## Work required
Only an exact copy of the lines from the one containing "Kyosho - V-One RRR Evo - Manual - Page 10" through the last line of the material below belongs in the answer, with no pictures.

## Exercise data
>>>
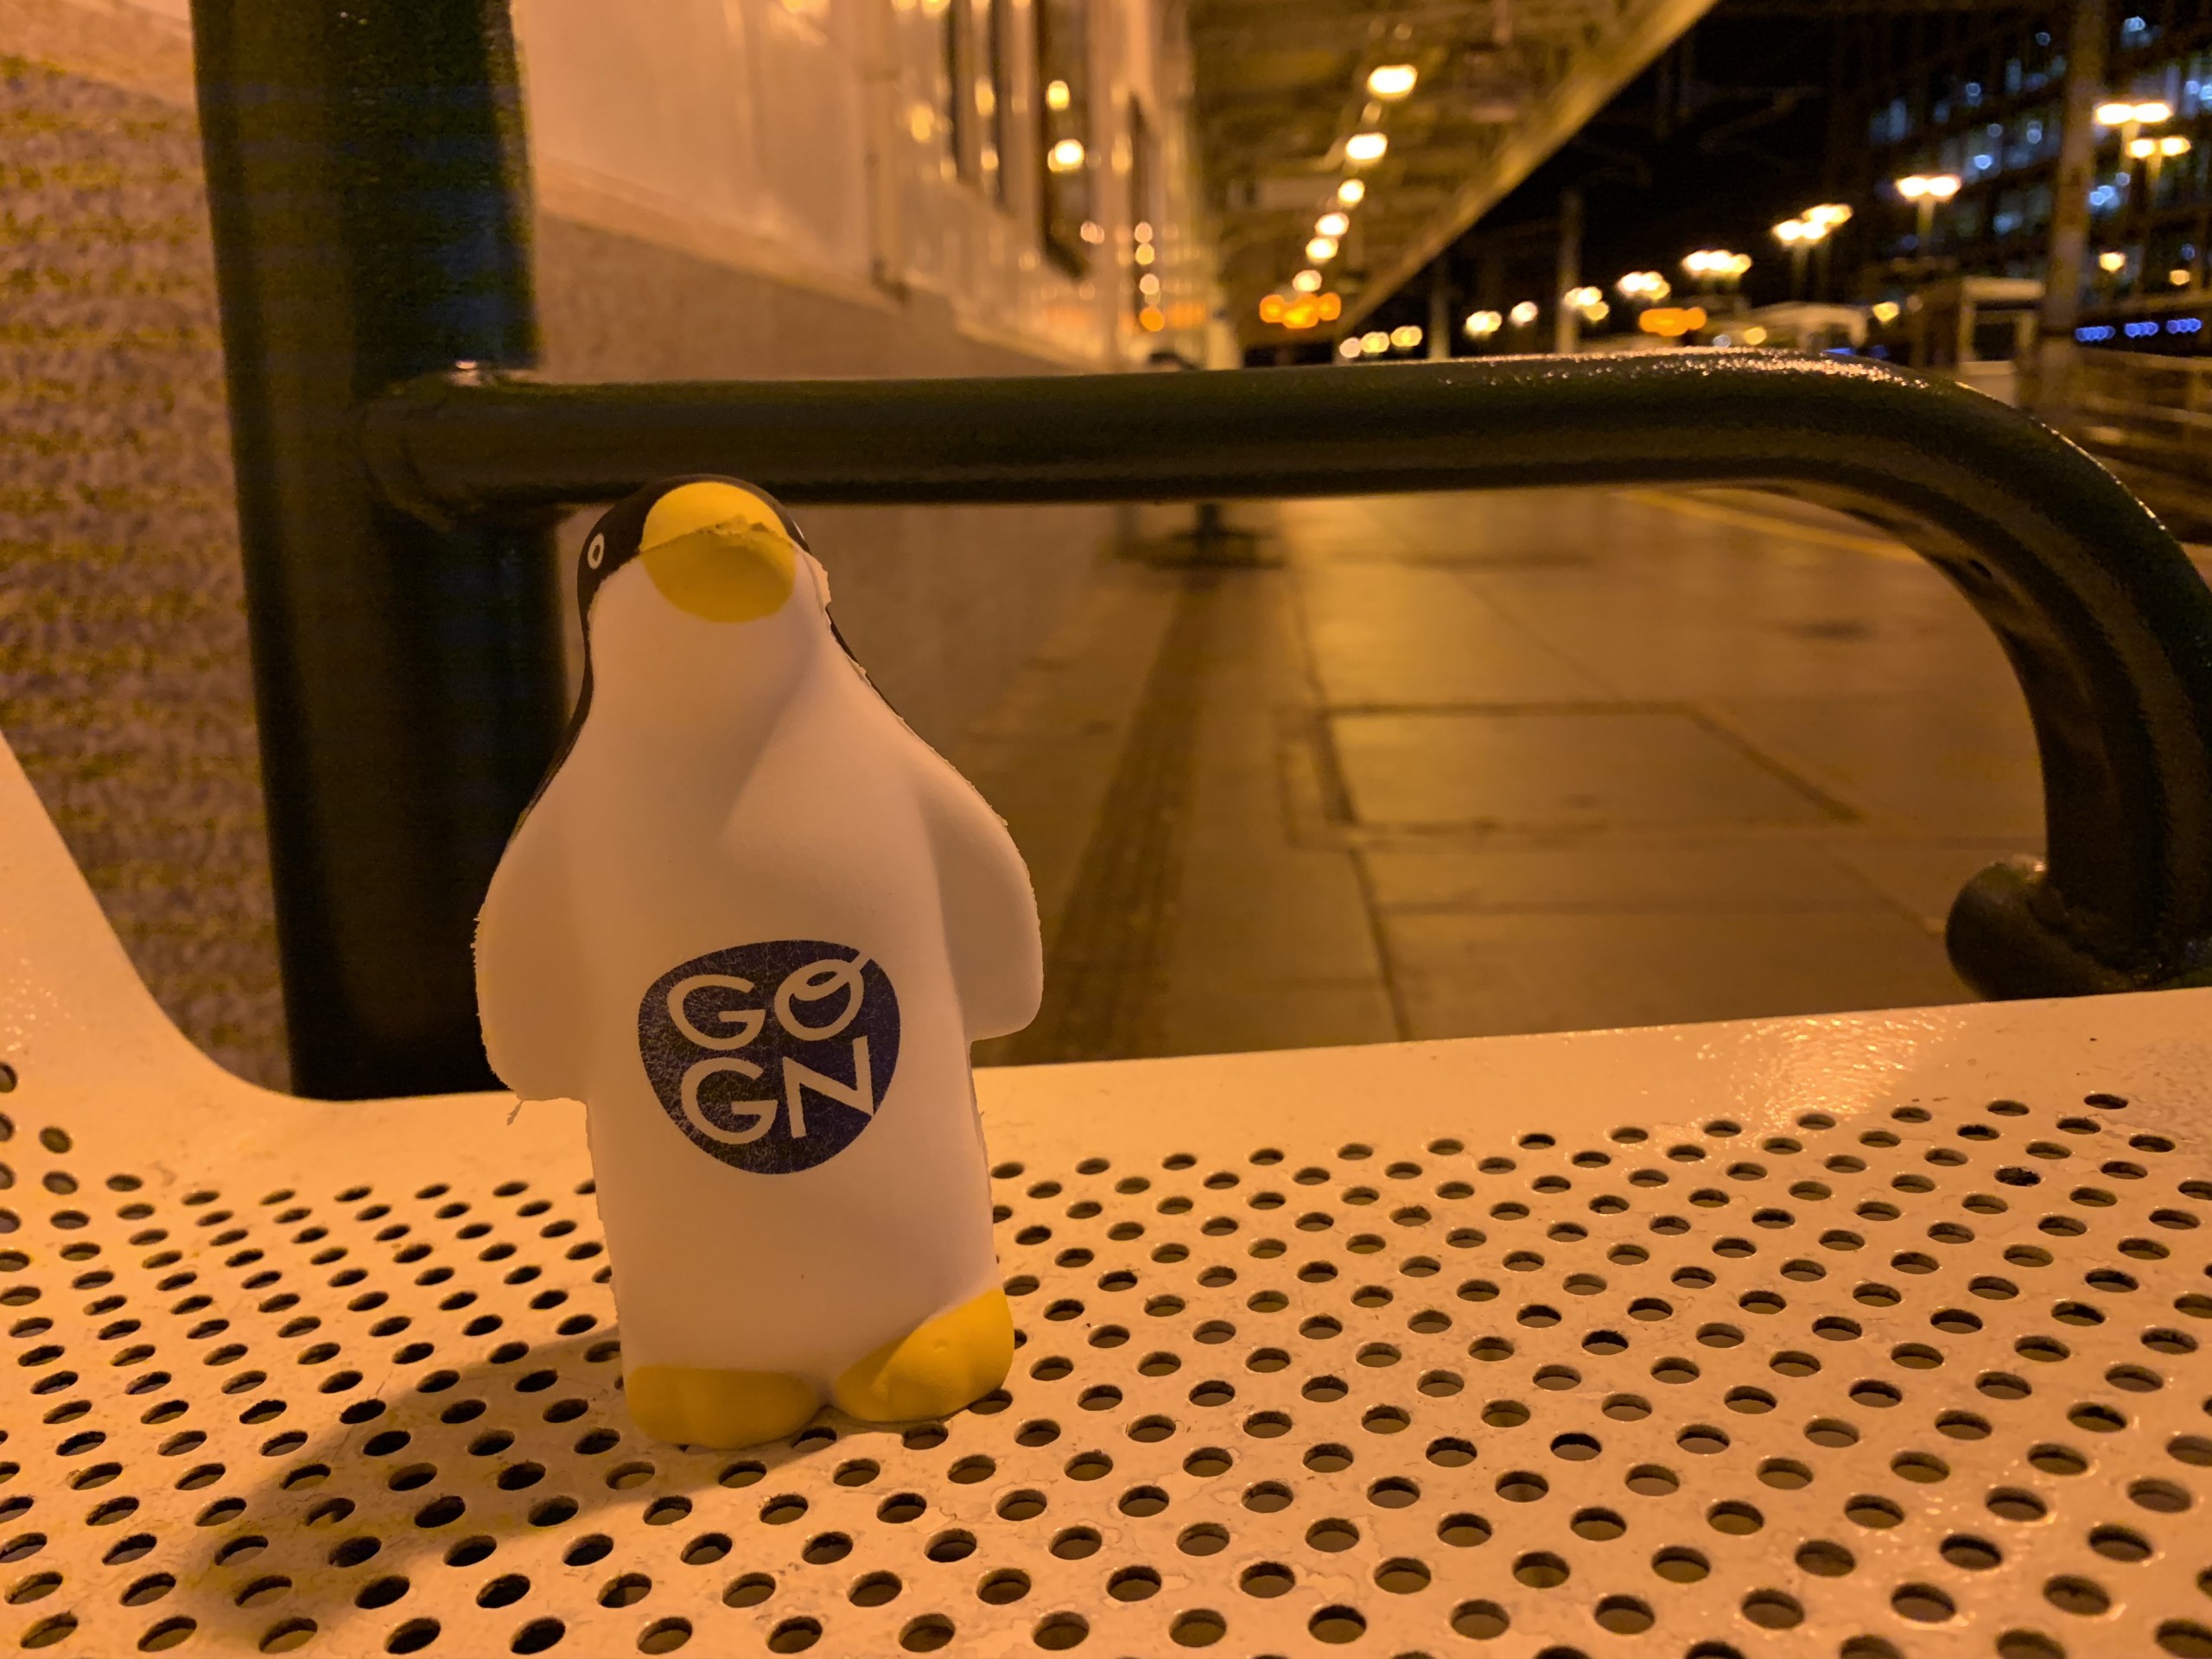 GO-GN Toy penguin on a train platform
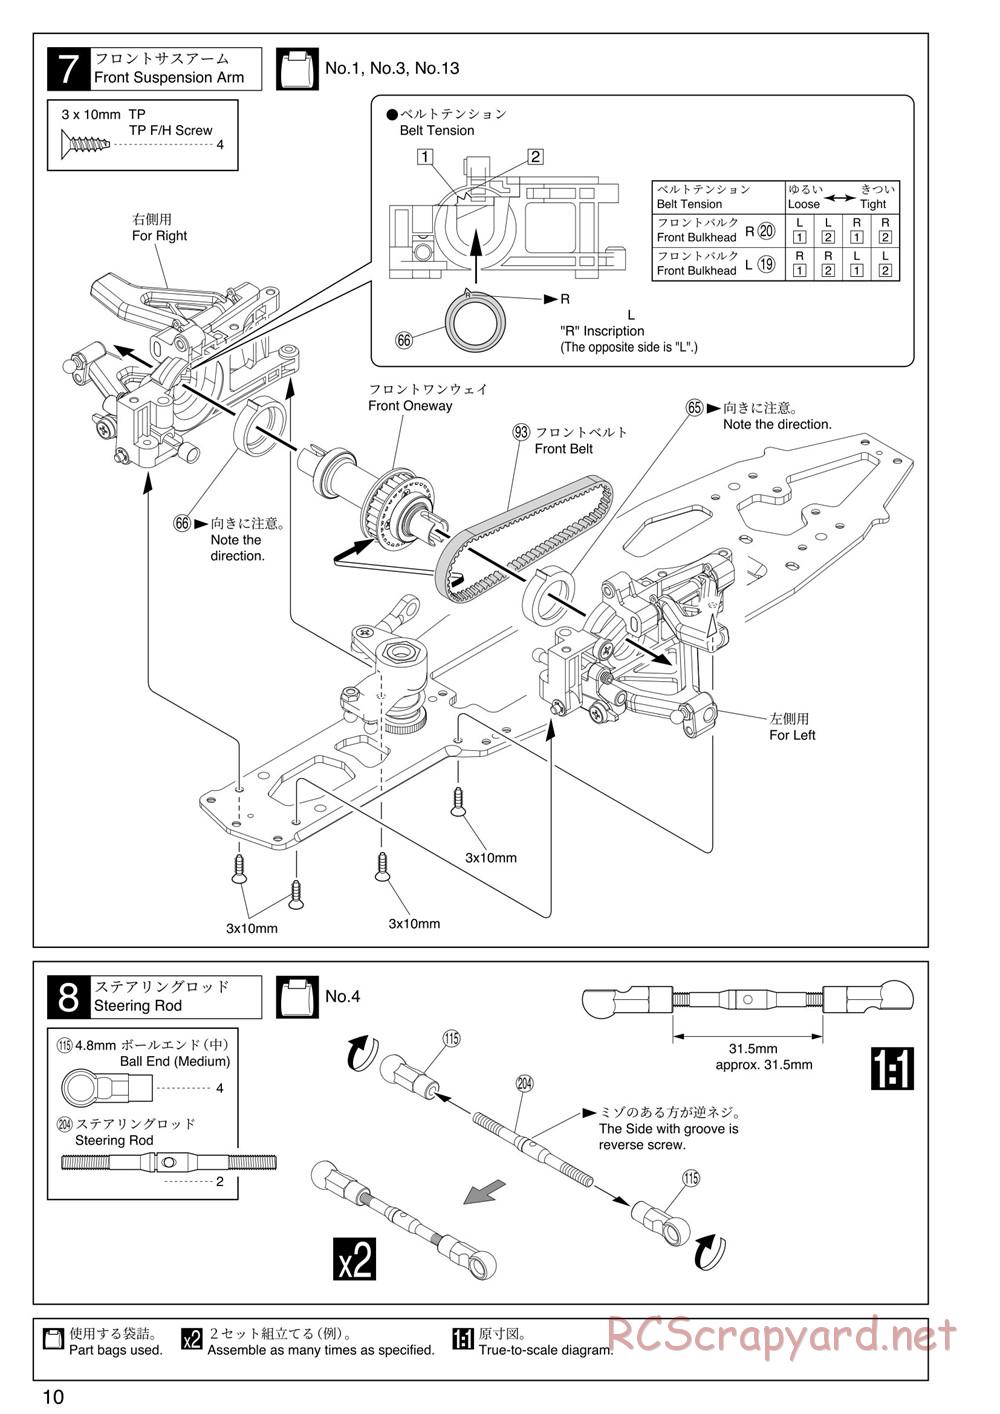 Kyosho - V-One RRR Evo - Manual - Page 10
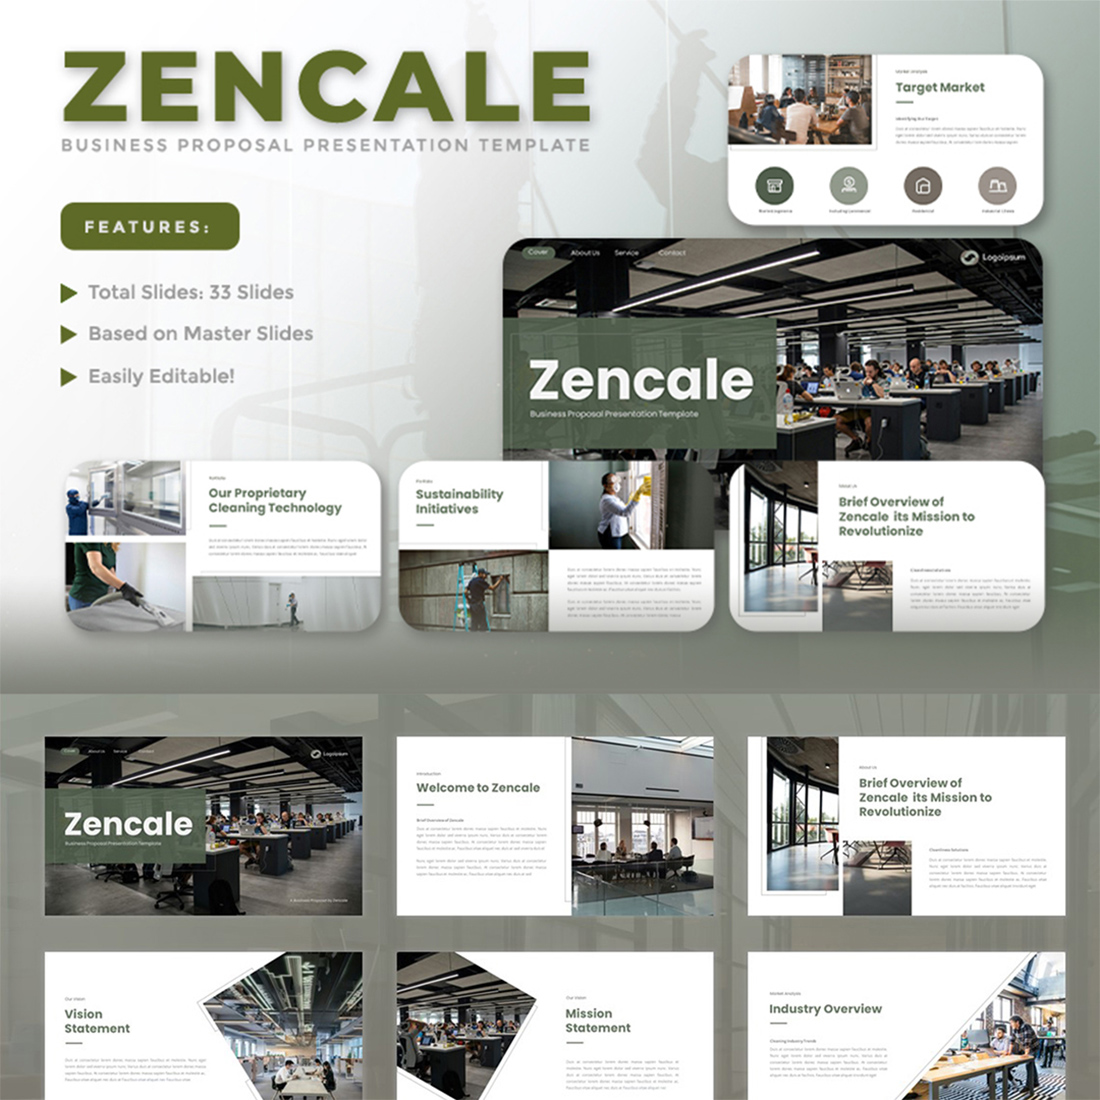 Zencale - Business Proposal Google Slides Template cover image.
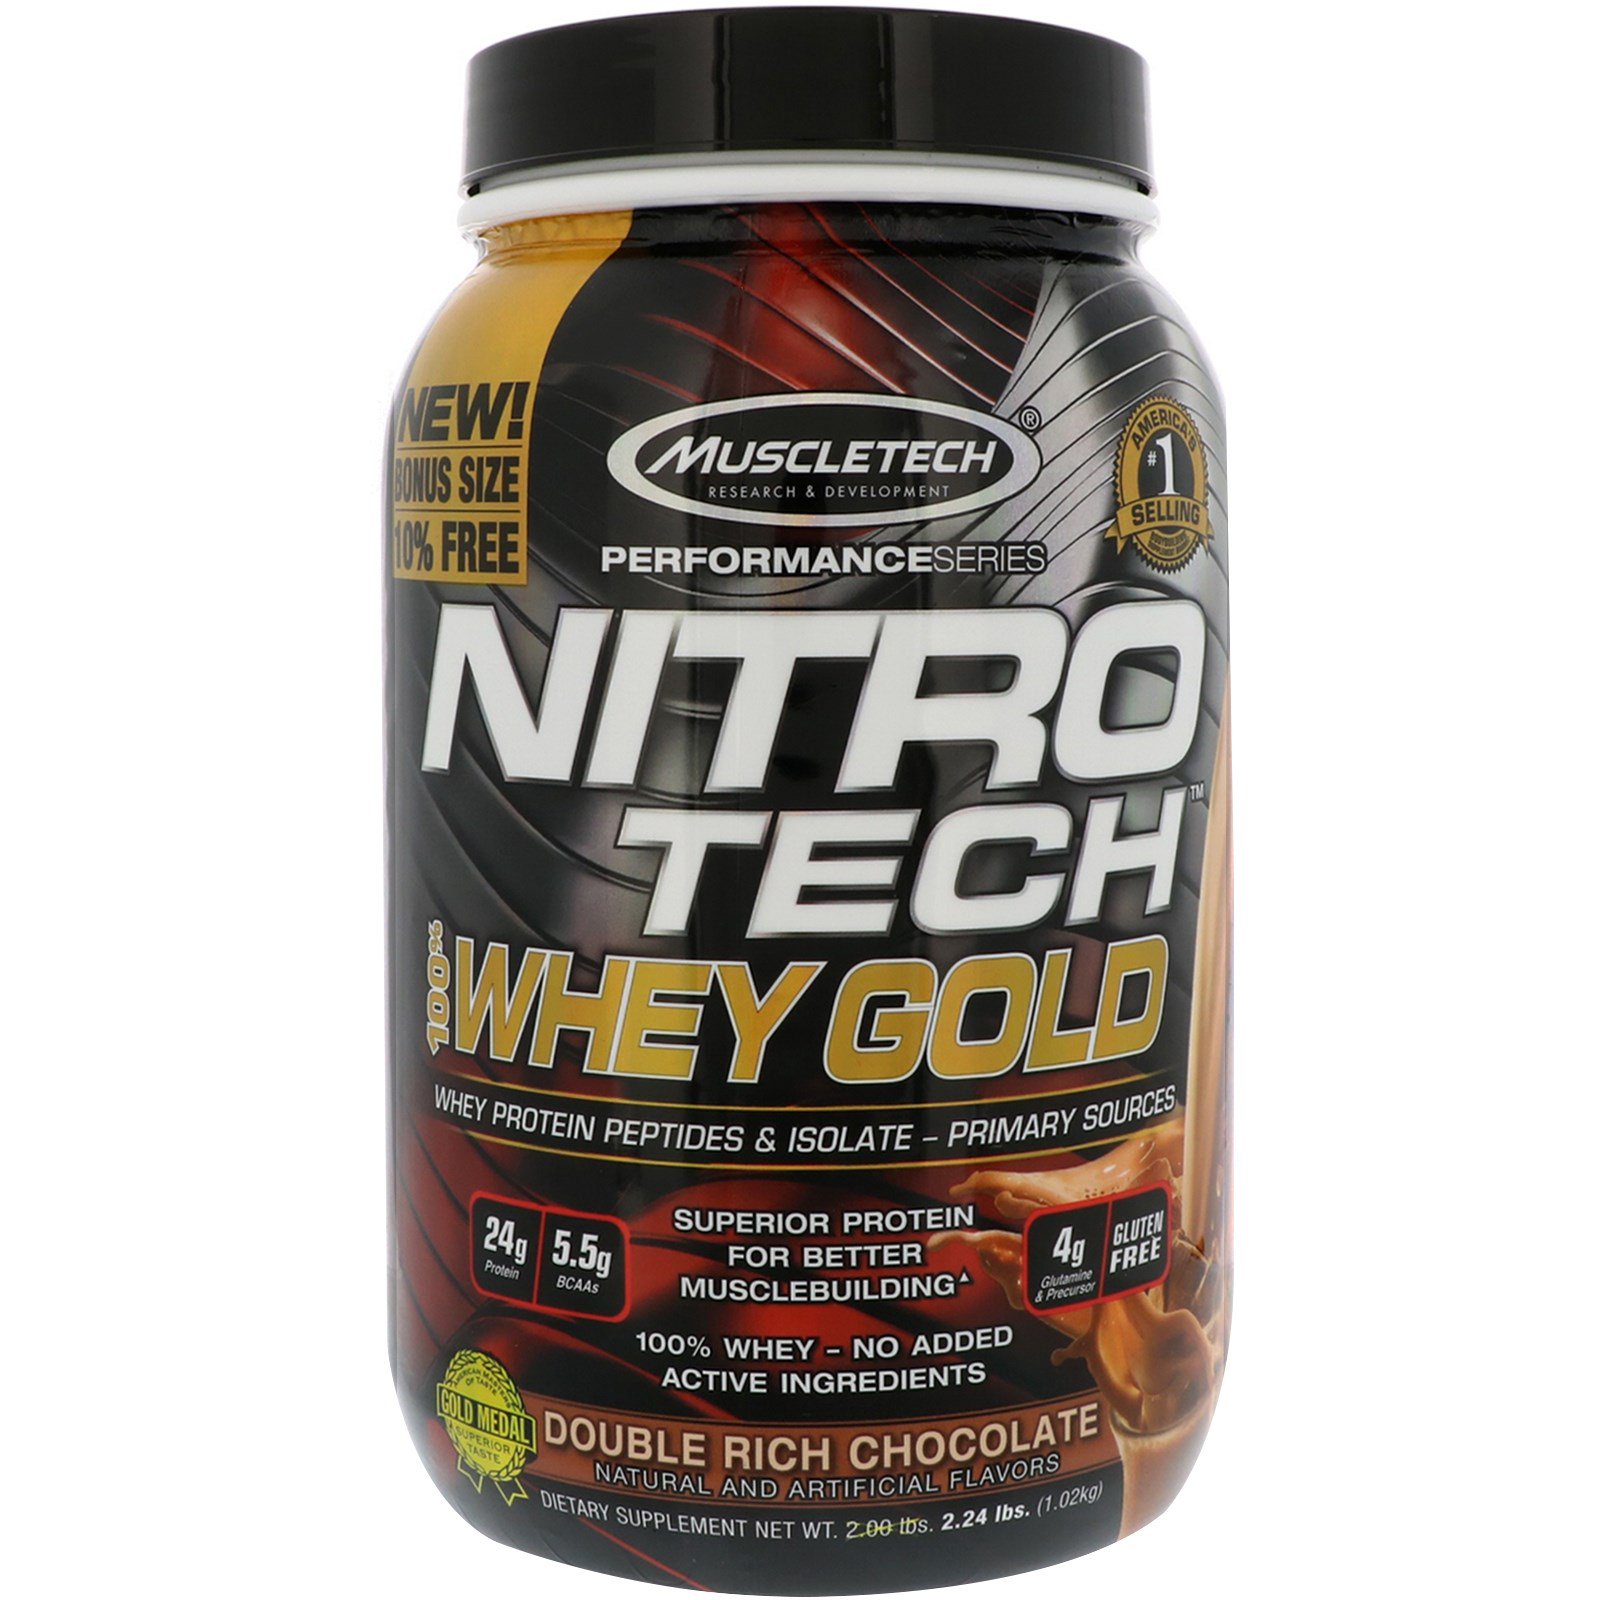 Muscletech, Nitro Tech, 100% сыворотка Gold, Двойной шоколад, 2.24 фунта (1.02кг)
<<<
## Response
 Kyosho - V-One RRR Evo - Manual - Page 10
 Zencale - Business Proposal Google Slides Template cover image.
 Muscletech, Nitro Tech, 100% сыворотка Gold, Двойной шоколад, 2.24 фунта (1.02кг)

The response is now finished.